# Which hot hatch to buy...?



## Stephenmoore30 (Dec 23, 2011)

Hi

Looking a bit off advise or your opinions ...

Looking to purchase a little second motor, just to run to work in (only 15 miles there and back) and maybe an odd run out and about at the weekends.

What I was thinking off was a 172 cup. But the no abs puts me off alittle. 
I've had lots off motors in the past and fancy something a little different. I have had subaru's, type r civic, 182 clio, st focus, 205 gti to name a few.

What's ur options on the s2 ford escort rs turbo ? 
Also is performance Any good in standard form, or would u be best looking at a converted on (like 2.1 zvh) .!?

Any other advise or motors let me know.

Needs to be reliable and under 4k !!! + have back seats ( will be used to carry the wee man an odd time )

Thanks Steve


----------



## bigmc (Mar 22, 2010)

Wouldn't expect a decent S2 RST for <£4K, they're appreciating like mad at the minute. Glanza V spec are a nice little motor for some fun, MX5 too and a supercharger.


----------



## Stephenmoore30 (Dec 23, 2011)

bigmc said:


> Wouldn't expect a decent S2 RST for <£4K, they're appreciating like mad at the minute. Glanza V spec are a nice little motor for some fun, MX5 too and a supercharger.


Seen quite a few rs turbos at that kinda money but havnt looked at any maybe there real dogs.!!!


----------



## President Swirl (Oct 23, 2011)

Pulsar gti-r ? Leon 20v t ?


----------



## Jdm boy (May 13, 2011)

You would get a nice dc2 for that money, with probably money left over.

Supercharged mx5 would be fun, but has no real back seats,

Toyota levin 96-99 Cheap as chips over here and pretty damn fast

vr6 mk3 golf? Was never in ine but a touch slow for the size of the engine or maybe even a 1.8t mk3 or mk4


----------



## Stephenmoore30 (Dec 23, 2011)

Anyone with a rs turbo ? Or anything I need to know about them..? 

N pulsar's are v quick wee motors too but not sure!


----------



## XxHarDinGxX (Sep 24, 2011)

I'd personally recommend a Clio 182.

This is mine..


IMG_4185 by Joe_Harding, on Flickr


----------



## howie parks (Jun 5, 2006)

^^ what that man said.
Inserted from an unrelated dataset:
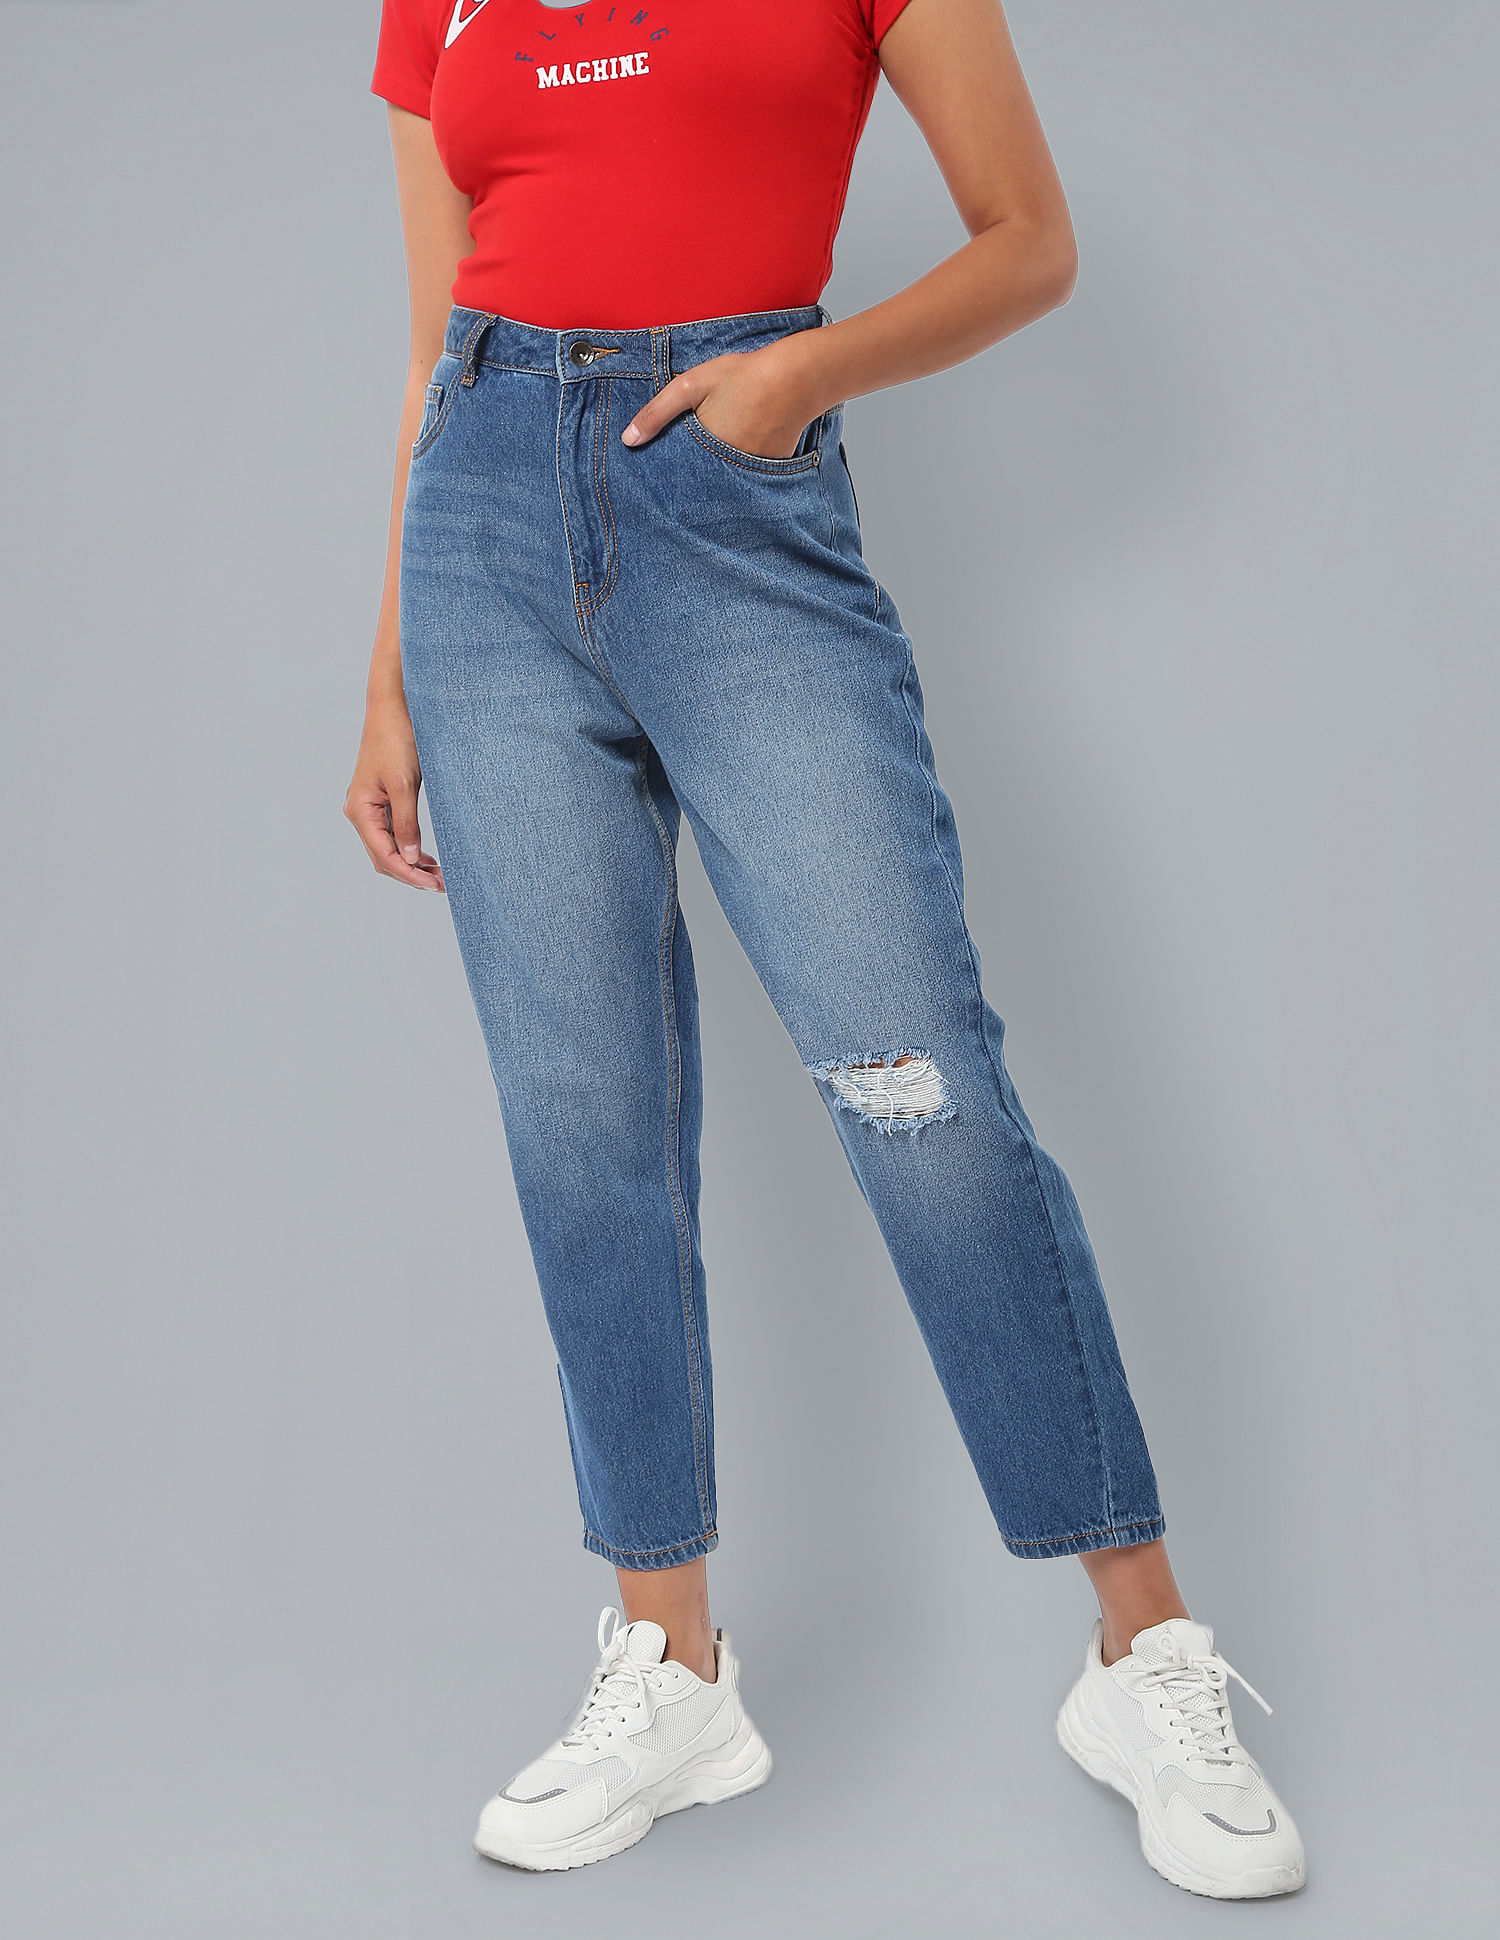 Z1975 MOM FIT JEANS WITH A HIGH WAIST - Light blue | ZARA United States-calidas.vn

I loved mine and would have one again in a heart beat!! cant go wrong for the value v money v fun factor.


----------



## XxHarDinGxX (Sep 24, 2011)

Agreed, it's a great all round car. And put's a massive smile on my face every time I jump into it.


----------



## DJ X-Ray (Sep 2, 2012)

Audi A3.
Bmw 1.Series.


----------



## howie parks (Jun 5, 2006)

sell it to me. i will give you one hundred thousand Ugandan Dollars via Western Union


----------



## XxHarDinGxX (Sep 24, 2011)

Dj.xray said:


> Audi A3.
> Bmw 1.Series.


I wouldn't really class them as hot hatches though. Depending on which model.


----------



## Stephenmoore30 (Dec 23, 2011)

XxHarDinGxX said:


> I'd personally recommend a Clio 182.
> 
> This is mine..
> 
> ...


Had one in the very same colour, first in Northern Ireland actually!!!
Have to say I loved it but I lost a fortune on it, and was hard to shift on. Shouldn't have bought new tho! But had to have one at the time..!

Cheers guys ...


----------



## bidderman1969 (Oct 20, 2006)

:thumb:

where my money would go


----------



## bigmc (Mar 22, 2010)

They're not hot though and not that good.


----------



## VenomUK (Oct 13, 2011)

172 or 182 all day long..... As for the ABS dont be such a big girl


----------



## DJ X-Ray (Sep 2, 2012)

XxHarDinGxX said:


> I wouldn't really class them as hot hatches though. Depending on which model.


S3 mk.1 Bmw1.m.


----------



## Kerr (Mar 27, 2012)

Dj.xray said:


> S3 mk.1 Bmw1.m.


A 130i with 260bhp is easily classed as a hot hatch.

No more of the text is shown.